TikTok is suing the state of Montana to prevent the U.S. government from imposing a ban on national security concerns, saying the move is both “illegal” and “unconstitutional.”

The social media app, owned by China’s ByteDance, filed a lawsuit in federal court on Monday, days after Montana’s governor signed an unprecedented bill that would ban app stores that allow Download TikTok in the state. It will also ban the app from operating in the western state, which has a population of about 1.1 million.

The proposed ban comes amid concerns from governments and regulators around the world that TikTok’s ties to China could allow the app to collect data on its users for espionage purposes. TikTok, in particular, has become a flashpoint of escalating tensions between the U.S. and China, where it has 150 million users, with Washington calling on the short-video app to be spun off from its Chinese parent company or face a federal ban.

In Monday’s lawsuit, TikTok argued that Montana’s law violated its First Amendment right to free speech and that the so-called national security concerns it used to justify the ban were “the sole concern of the federal government.”
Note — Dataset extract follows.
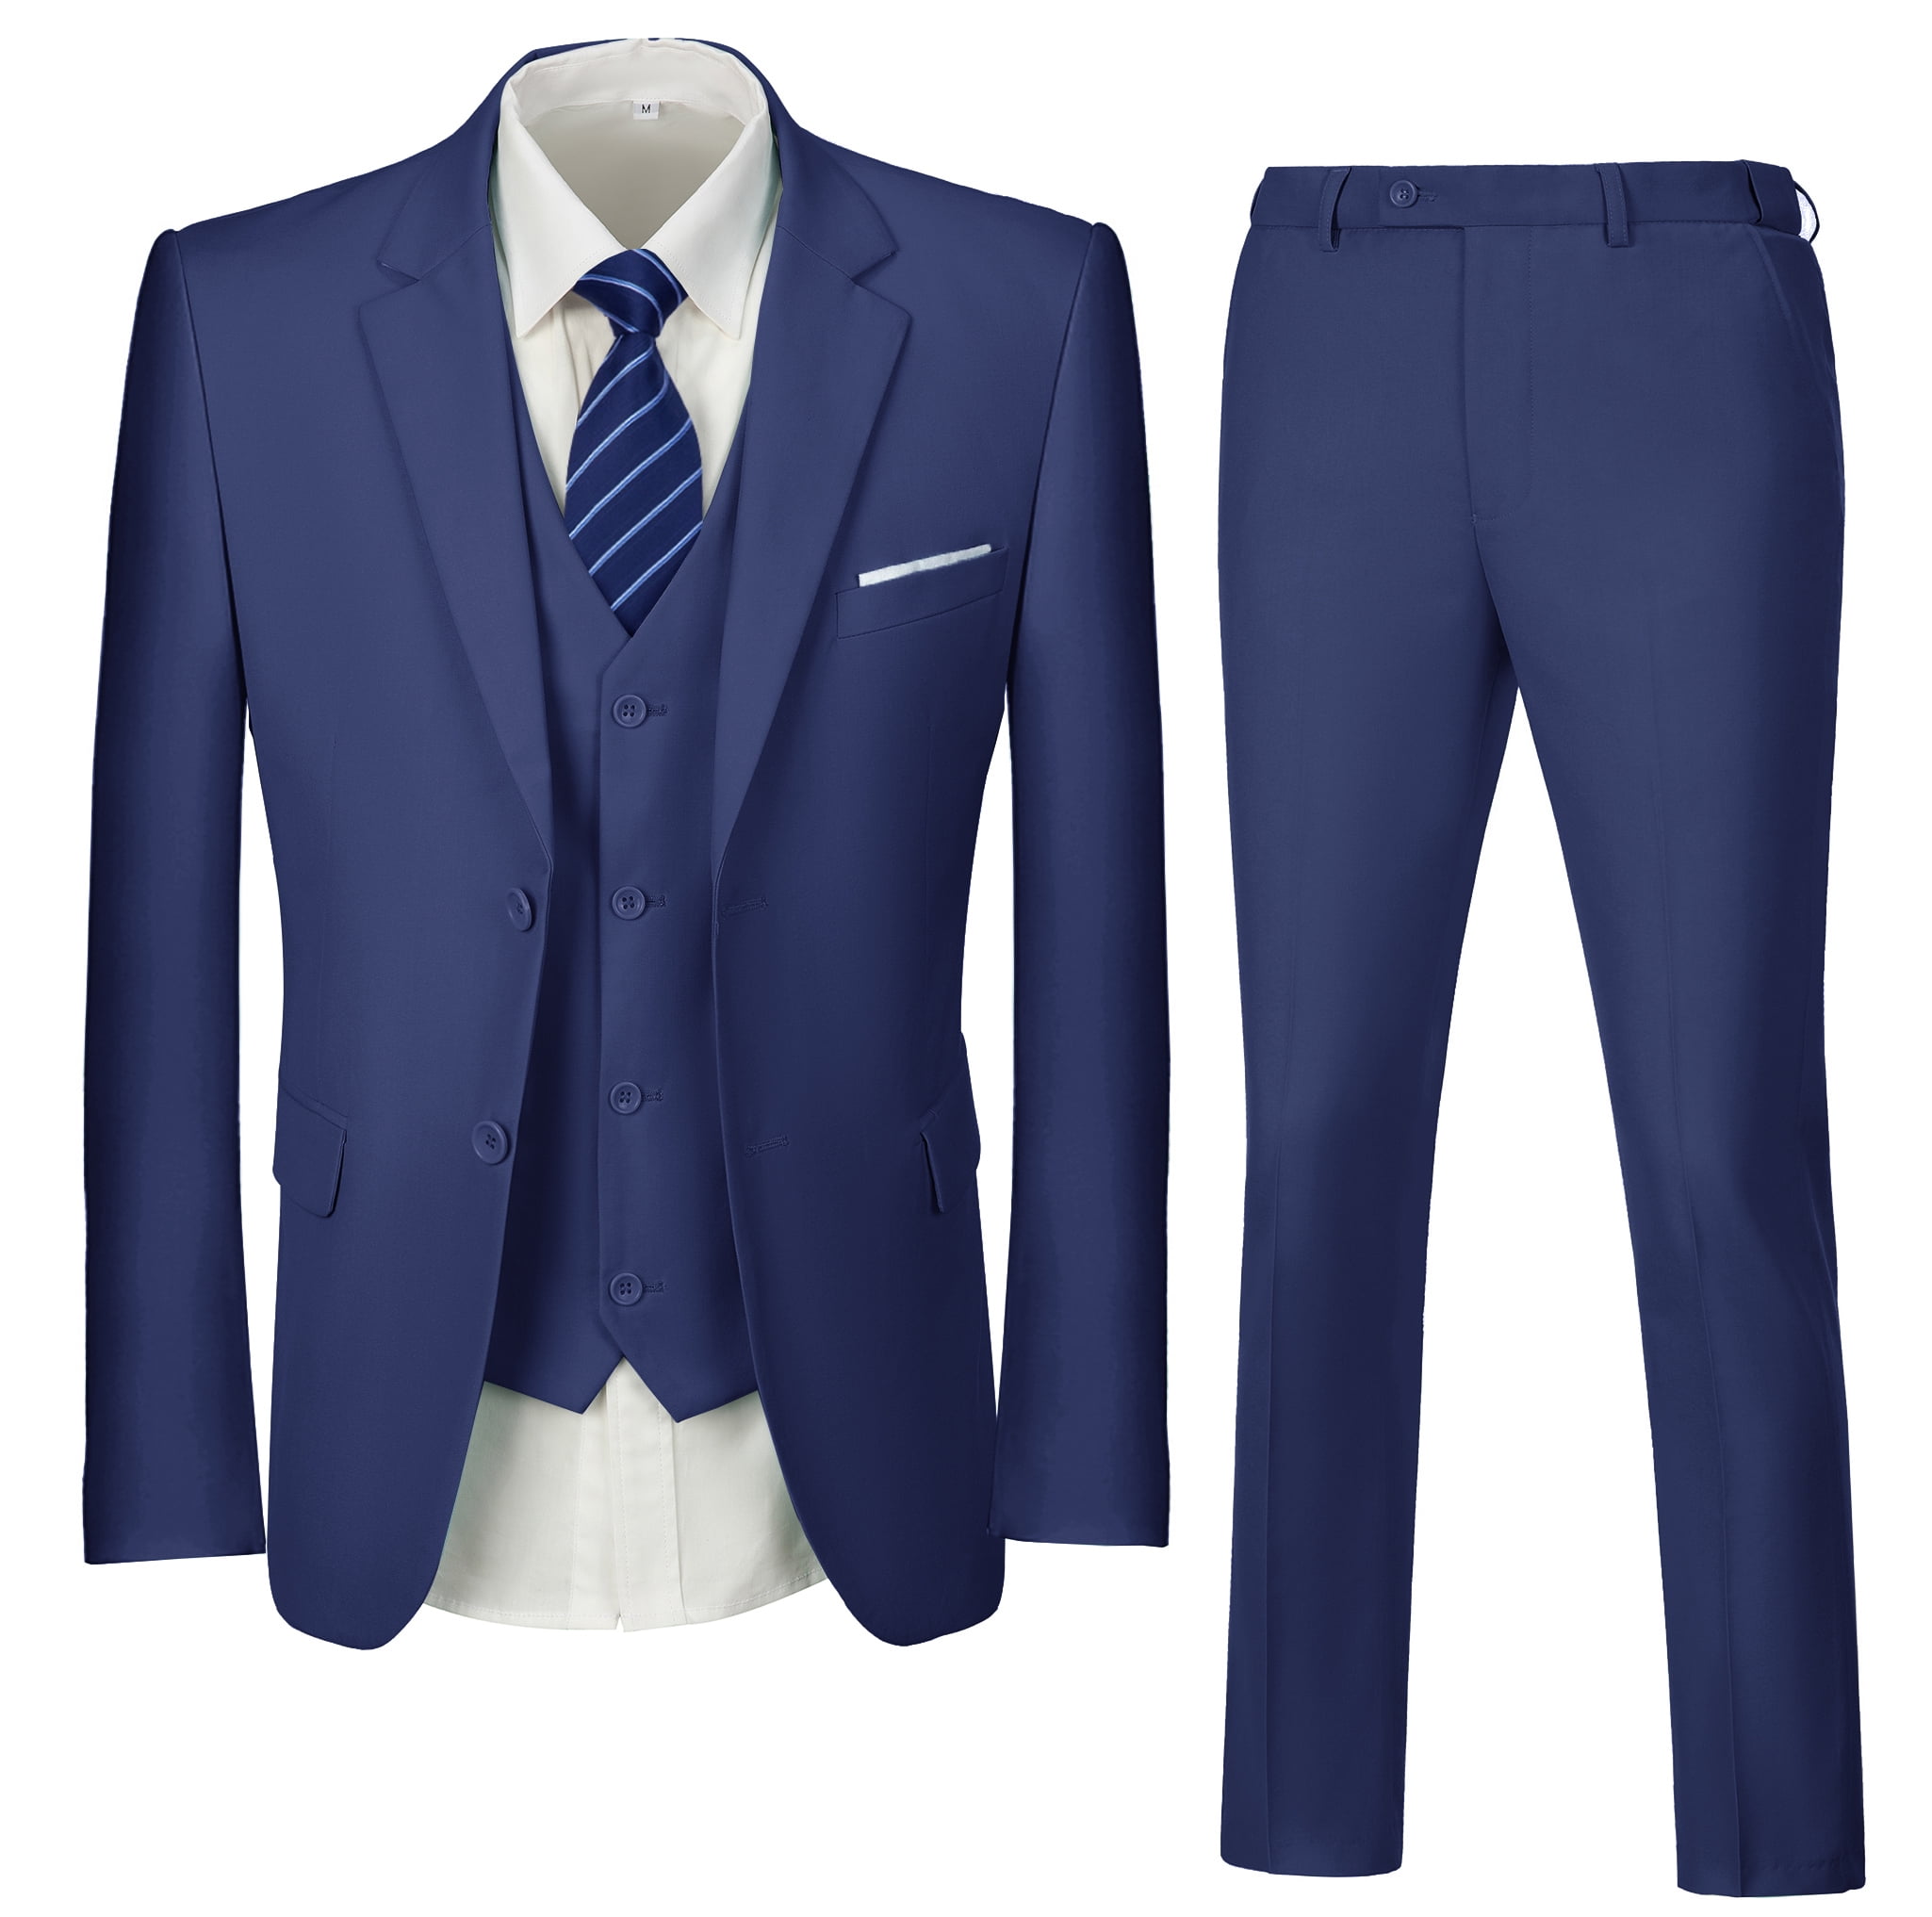 Buy Royal Blue Formal Pants Suit With Single Breasted Blazer and Straight  Pants High Waist, Blue Blazer Trouser Suit for Women, Tall Women Suit  Online in India - Etsy

The company also said the ban violated U.S. rules on foreign and interstate commerce and was effectively an unconstitutional “disenfranchisement act” — legislation that convicts a group without trial.

“These unconventional and unprecedented steps taken by the state are based on nothing more than unfounded speculation,” it said in the lawsuit.

Under Montana law, TikTok and app stores like Apple and Google face fines of $10,000 per day if they don’t comply.

Last week, a group of TikTok creators filed their own lawsuit challenging the law on First Amendment grounds.

Even after TikTok tried to distance itself from its parent company by spending more than $1.5 billion on “Project Texas,” a free-speech court battle aimed at protecting user data and corporate restructuring plans to shield content from Chinese influence.

However, talks on the deal stalled, and earlier this year the U.S. government threatened to ban TikTok if its Chinese owners did not sell their stake — a move Beijing has publicly opposed.

Former President Donald Trump tried to ban the app in the US in 2020, but the attempt was stopped by a court. TikTok was recently banned from government devices in the US, UK, Canada and the EU.

“We are challenging Montana’s unconstitutional TikTok ban to protect our business and the hundreds of thousands of TikTok users in Montana,” a TikTok spokesperson said Monday. “We believe our legal challenge will prevail, based on extremely strong precedent and facts.”